My Journey with Plastic Free Cambodia (PFC) by Ming Ho

Mission to Cambodia

Siem Reap, Cambodia. How did I end up here? Over the years, I volunteered in several different parts of the world from Ghana to Kenya to the Dominican Republic, doing school-building projects and microfinance work, and teaching. While I enjoyed each of my experiences and grew immensely as a person, I often returned to Canada feeling like I could have done something more. I wanted to do more. A few friends told me about an organization called Accounting for International Development (AfID), which sent accountants to many different parts of the world to help businesses and non-profit organizations improve their financial management capacity. As a trained accountant, I thought this opportunity would be right up my alley. I got in contact with AfID, and in less than a month, I was on a plane heading for Siem Reap, Cambodia. I was going to volunteer with Plastic Free Cambodia for five weeks.

Plastic Free Cambodia

Although I wanted to make an impact using my accounting and finance knowledge, I also wanted to partner with an organization that had a meaningful mission. Plastic Free Cambodia was exactly what I was looking for. As PFC’s website puts it, “Plastic Free Cambodia is working to reduce the use of single-use plastics in order to create a healthier community and environment.” It was clear when I landed in Cambodia that plastic was a big issue in the country. Strewn along the streets and rivers were piles of rubbish and plastic – plastic bottles, plastic containers, and plastic bags. Recycling, something I had taken for granted in the western world, was not common in Cambodia nor was it the solution. The solution was reducing plastic-use.

Working with Numbers

When I arrived at PFC, I hit the ground running, working with Sarah Rhodes, the founder of PFC, and the rest of the PFC team to sort through all of the organization’s financial records. In the weeks I spent with PFC, I set-up accounting processes for revenue, expenses, and inventory. As well, I helped to record all of the transactions for the organization’s Siem Reap, Phnom Penh, and Battambang divisions. Faced with the challenge of sifting through notes on scrap paper, faded invoices, and transactions without invoices, I knew I had to be vigilant and critical of every piece of supporting documentation to ensure that I was recording transactions accurately and reflecting the true financial position of the company. Luckily, after four weeks with PFC, I was able to successfully update the organization’s accounts and migrate all of the financial data onto an online cloud-based accounting system. I was also able to mentor PFC’s accountant to maintain the procedures, processes, and records that I had set-up.

Personal Growth

Through my volunteer work with PFC, I was exposed to many aspects of the organization’s operations outside of accounting and finance – the content and service PFC was providing to businesses and schools across Cambodia. I always thought I was an environmentally conscious individual. Growing up, I was taught to recycle plastic and compost food. I always did my part to keep the planet clean. However, I soon realized I was approaching plastic the wrong way. Why recycle plastic when you can eliminate or reduce plastic?
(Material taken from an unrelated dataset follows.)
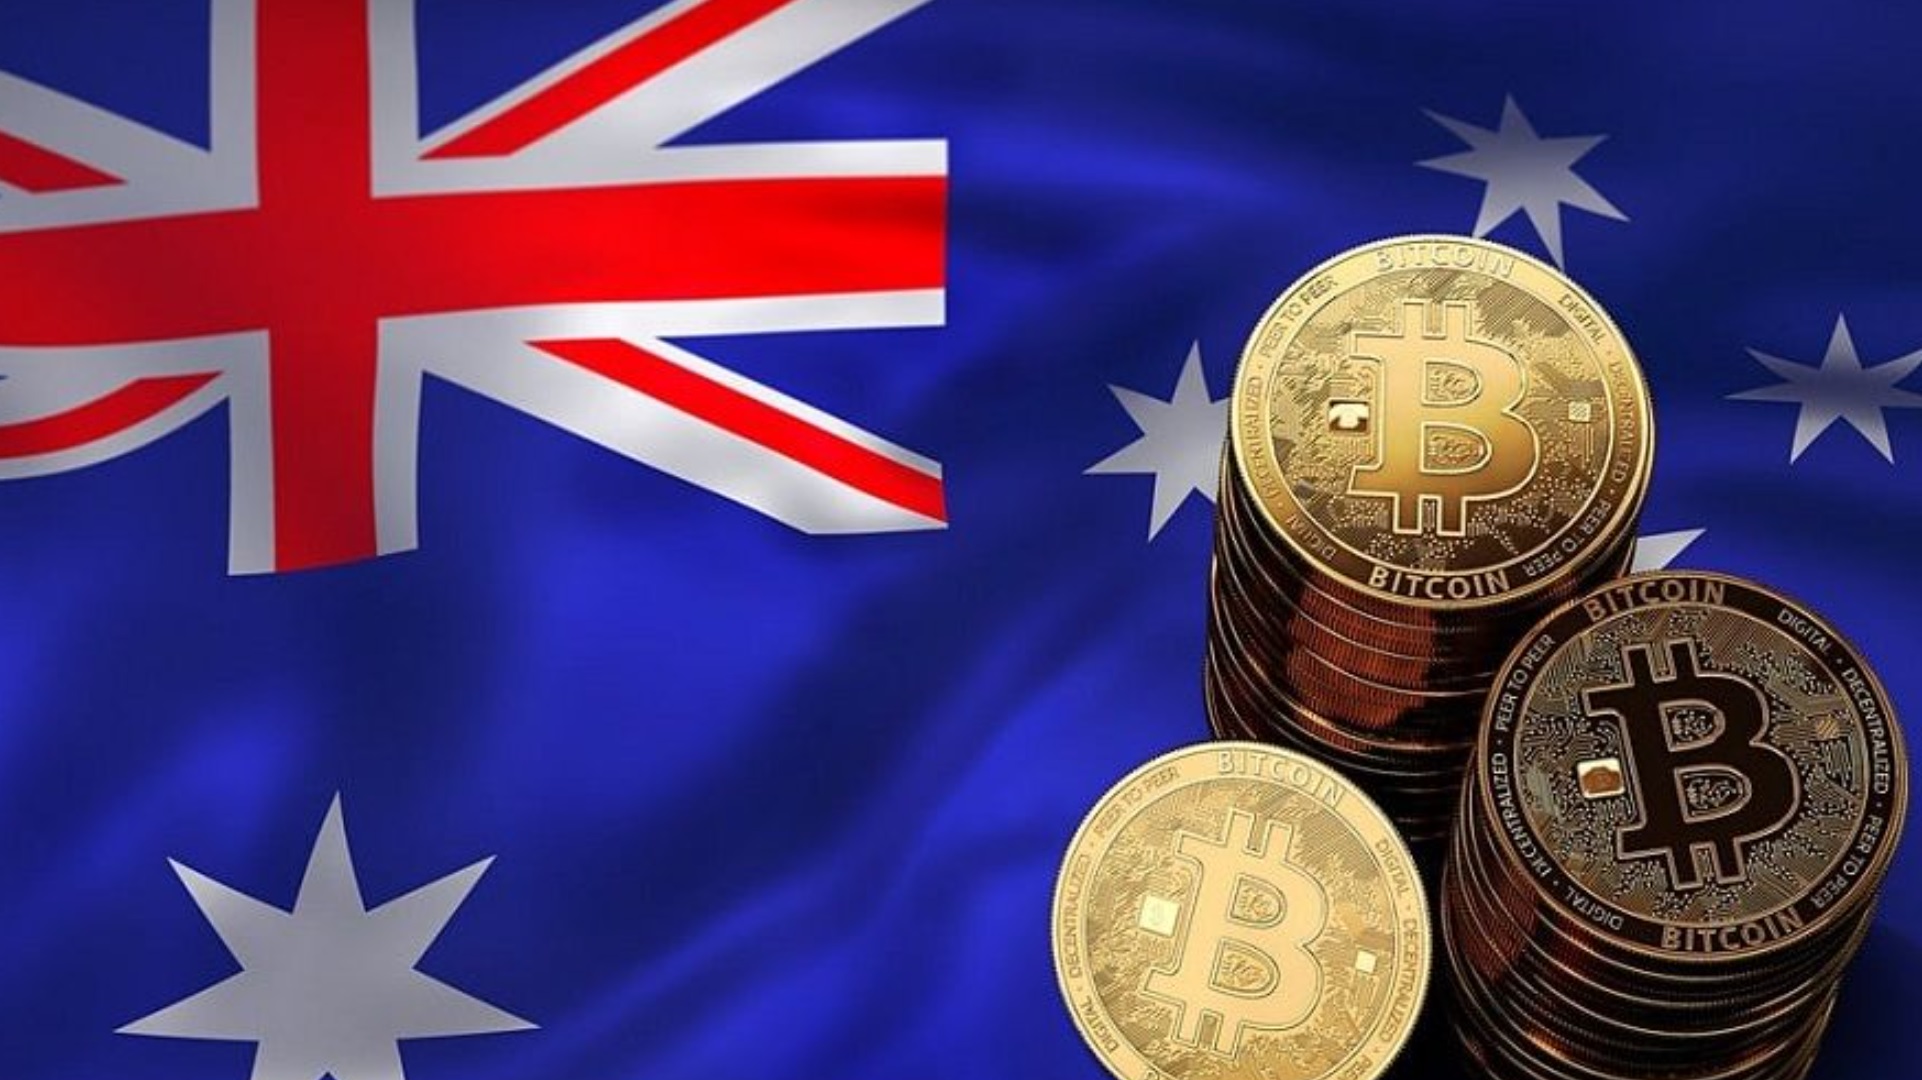 Криптовалютный рынок растет огромными темпами. Все больше и больше австралийцев покупают криптоактивы.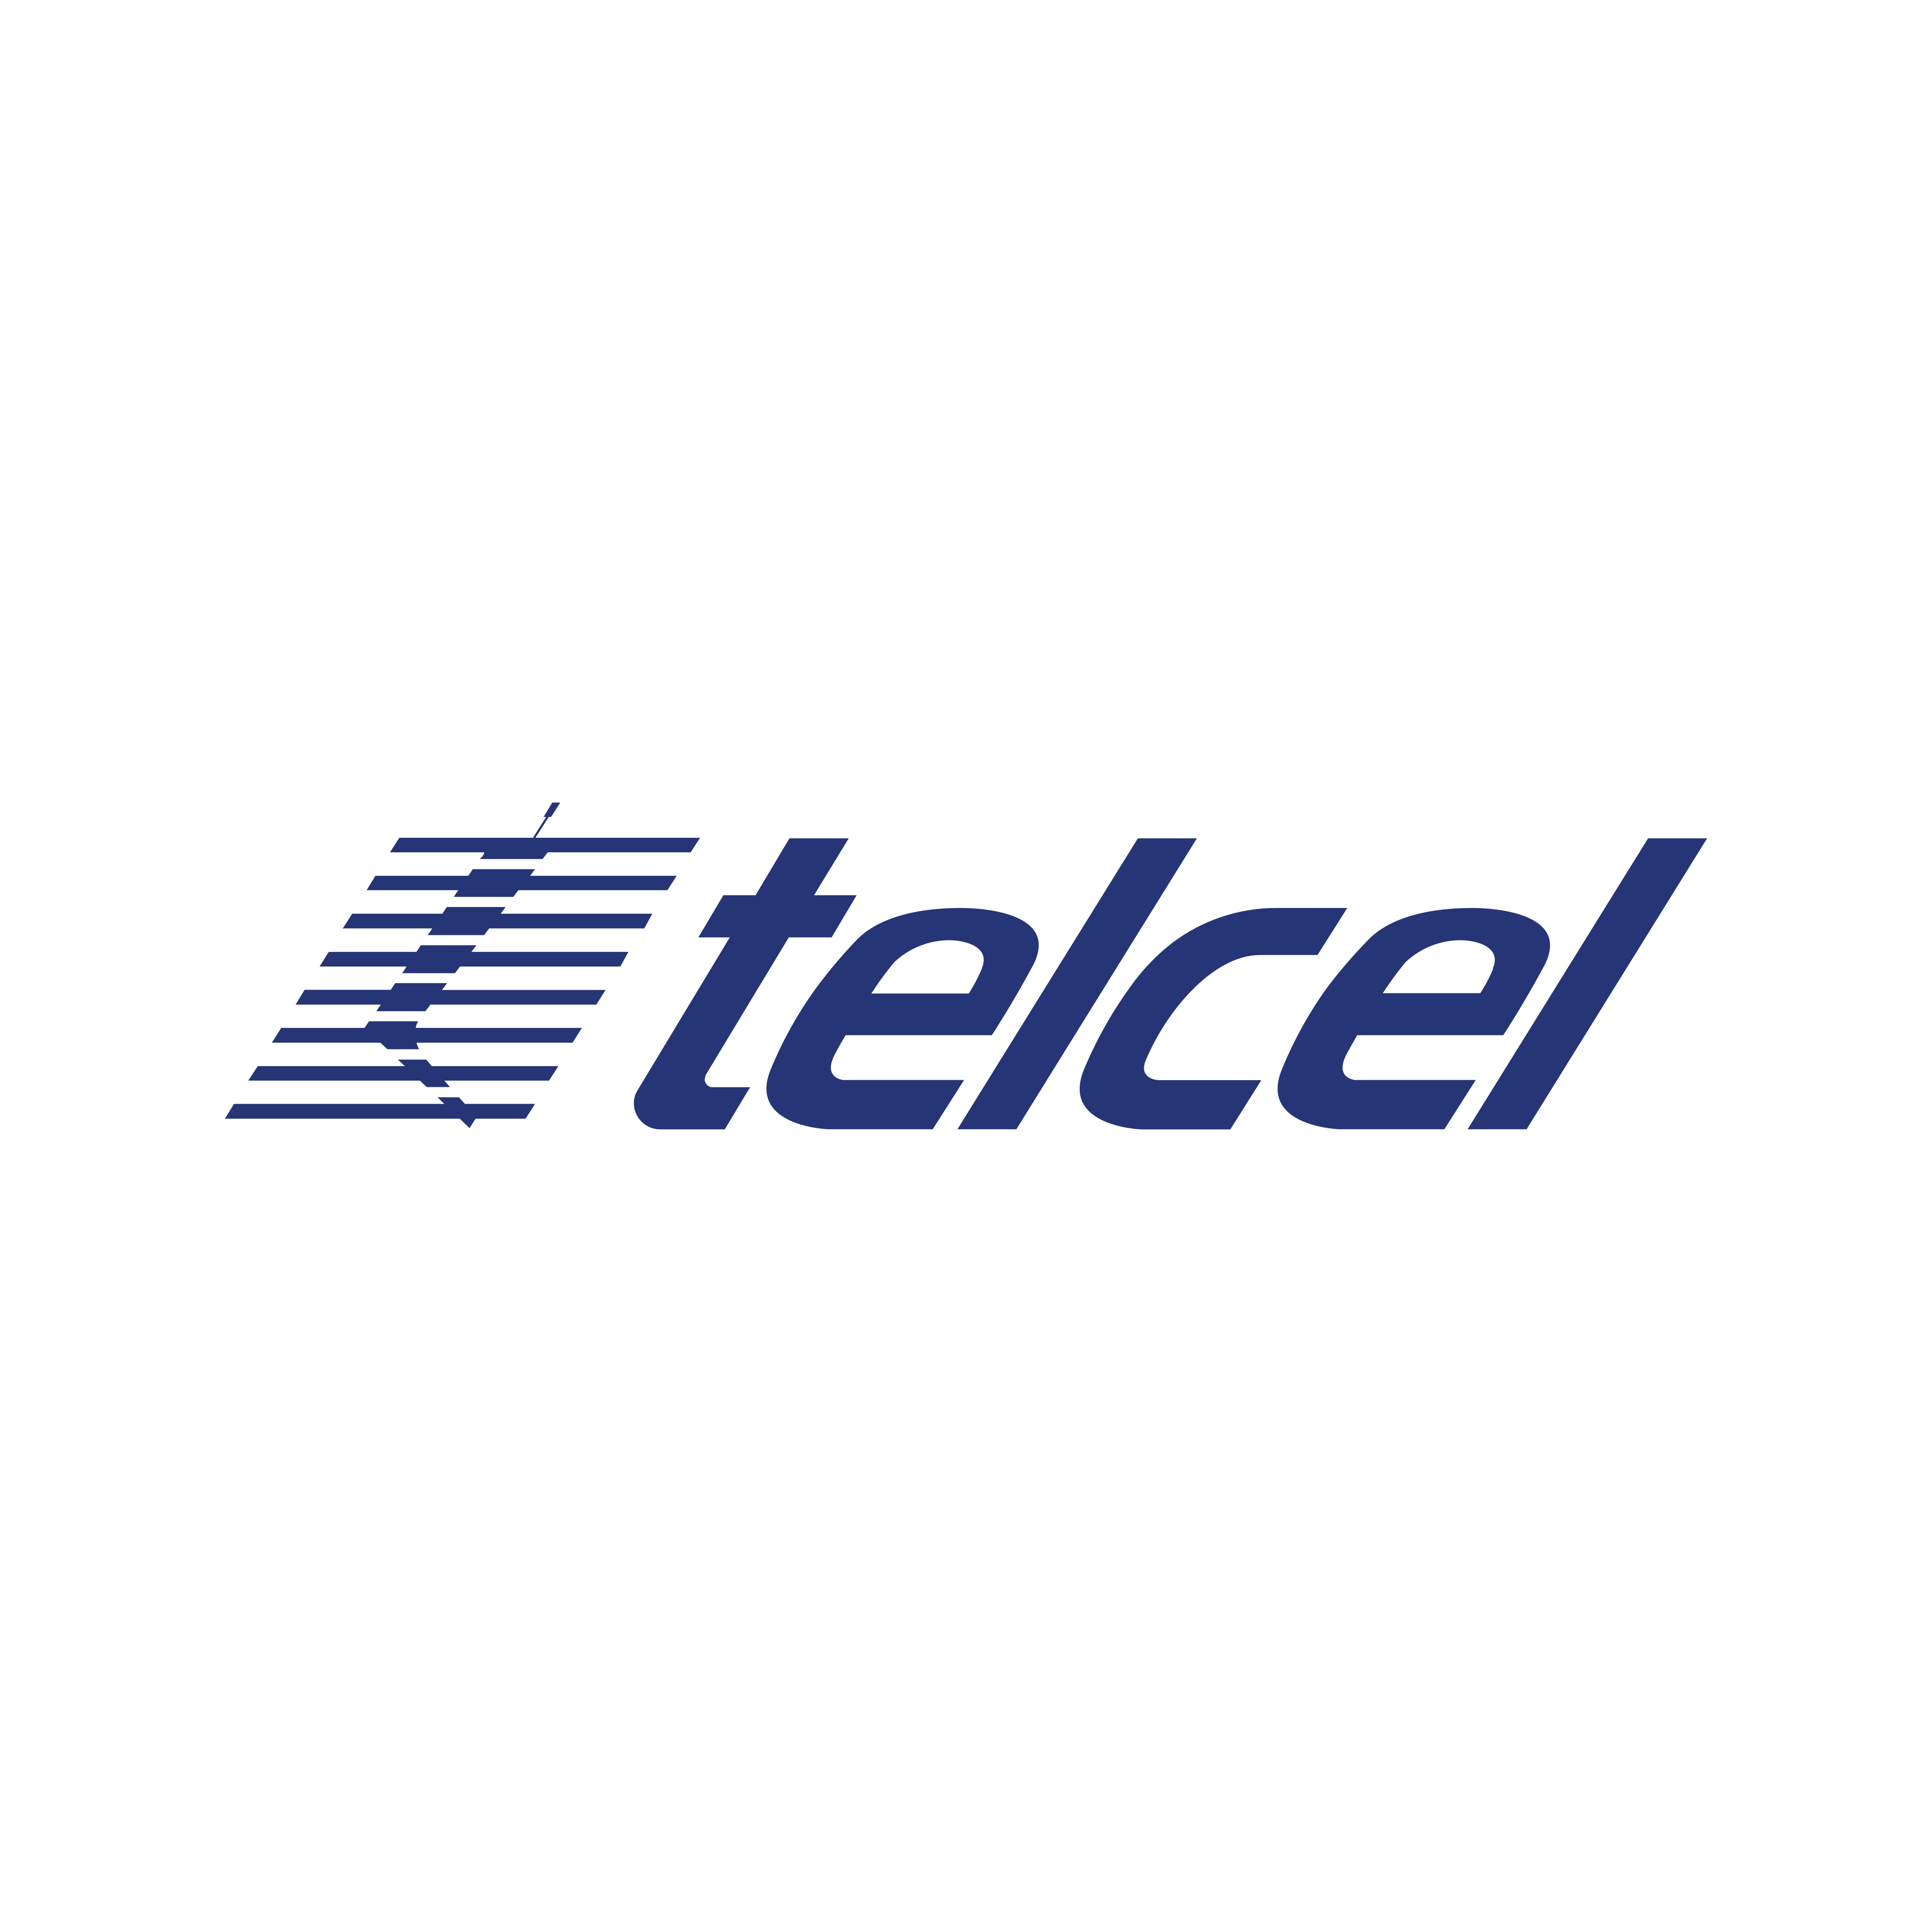 telcel logo 0 - Telcel Logo

I still had a lot to learn. Sarah introduced me to various products that could be used as substitutes for plastic, such as bio-degradable garbage bags made from cassava plants, bio-degradable takeaway containers and utensils, and bamboo straws. More than anything, during my trip, I realized the importance of making plastic reduction a habit – a habit, which includes carrying reusable water bottles, refusing plastic straws, and avoiding styrofoam takeaway containers by eating in rather than taking out. It was clear to me the impact these habits could have on the environment if everyone did his or her part. As a touristy area, Siem Reap is a hub for plastic pollution, as plastic water bottles are purchased daily in large quantities by thousands of tourists and chucked in the bin once the water was consumed. It was my mission to reduce my plastic-use in every way possible, and to continue good habits when I returned home.

Work Hard, Play Hard

Outside of the office, I had plenty of time to explore the city and surrounding temples, and also spent a weekend in Phnom Penh. In Siem Reap, the majestic Angkor temples are a sight to behold. I sat by a pond across from the Angkor Wat temple one morning, and waited as the sun crept slowly over the horizon, illuminating the sky around the temple in orange and red hues. It was amazing. In Phnom Penh, I will never forget what I saw in the Tuol Sleng Genocide Museum and Choeung Ek or the “Killing Fields.” The grim history of Cambodia was a reminder to me of how lucky I was to be Canadian. Interestingly, one of my favorite after work activities was sharing drinks with some local taxi drivers (or “tuk tuk” drivers) outside of my guesthouse. The drivers would teach me phrases in their local Cambodian language “khmer,” and while I would like to say that I was an expert at khmer by the end of my trip, I would be lying.

As my time in Cambodia draws to a close, I cannot emphasize how thankful I am for the opportunity to partner with a great organization like Plastic Free Cambodia and experience Cambodian language and culture.